# INFORMATION PROVIDED:
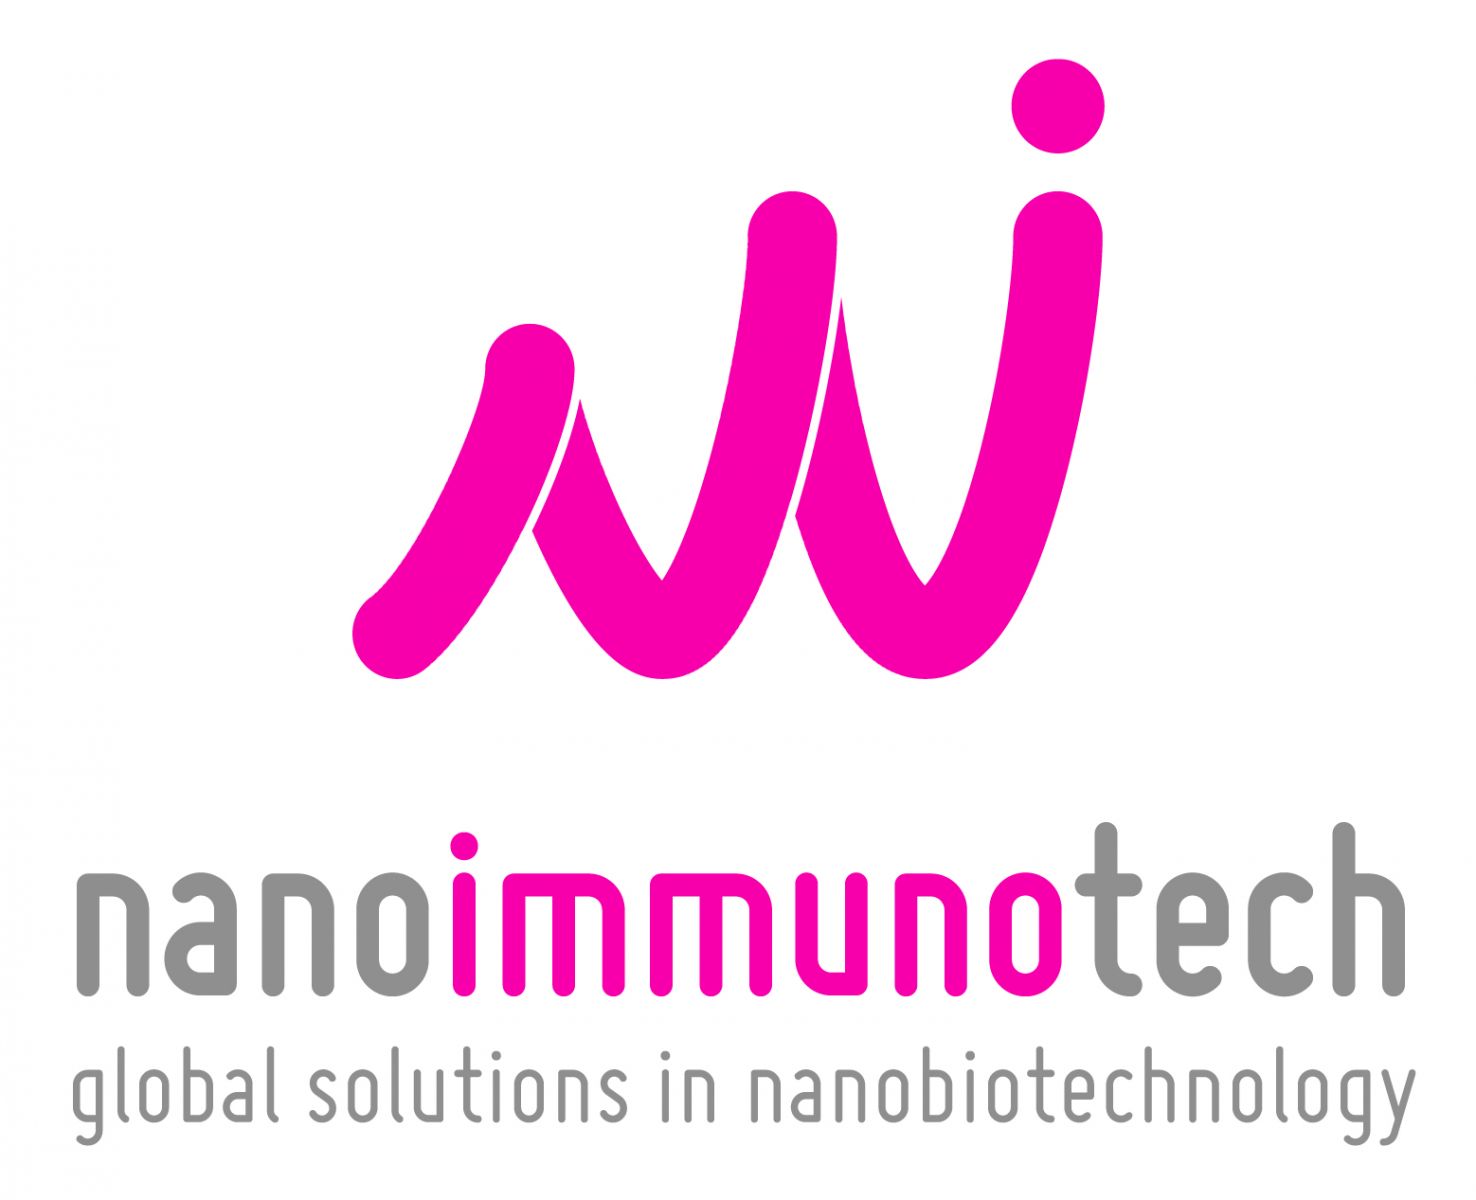 nanoimmunotech
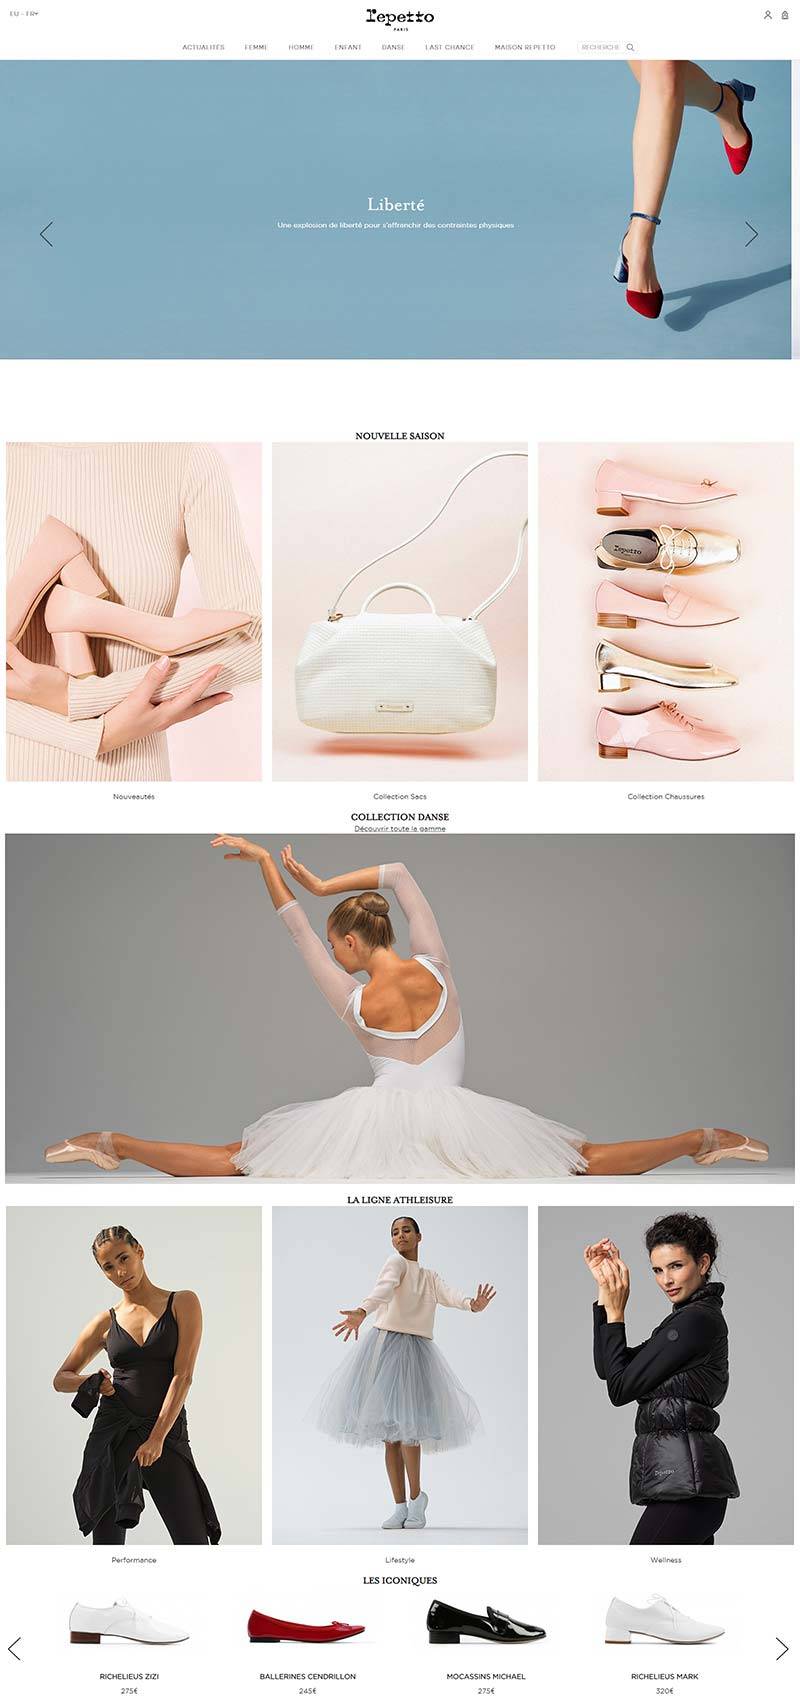 Repetto 法国时尚芭蕾舞鞋品牌网站
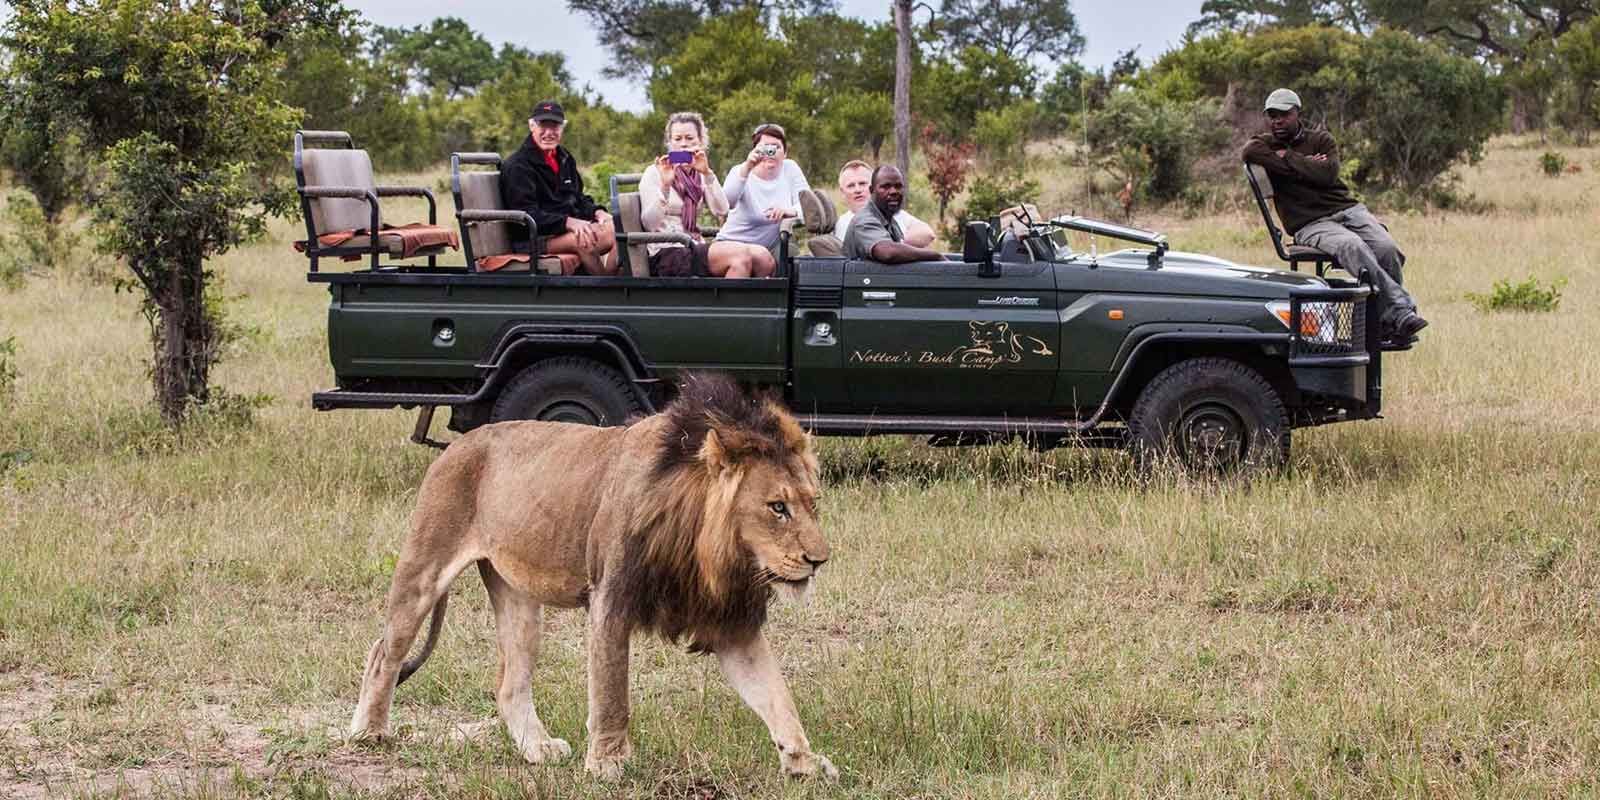 South Africa's Safari Adventures

# EXERCISE DETAILS:
For this exercise, return the material word for word and drop each image.

# SOLUTION TO THIS EXERCISE:
 nanoimmunotech
 Repetto 法国时尚芭蕾舞鞋品牌网站
 South Africa's Safari Adventures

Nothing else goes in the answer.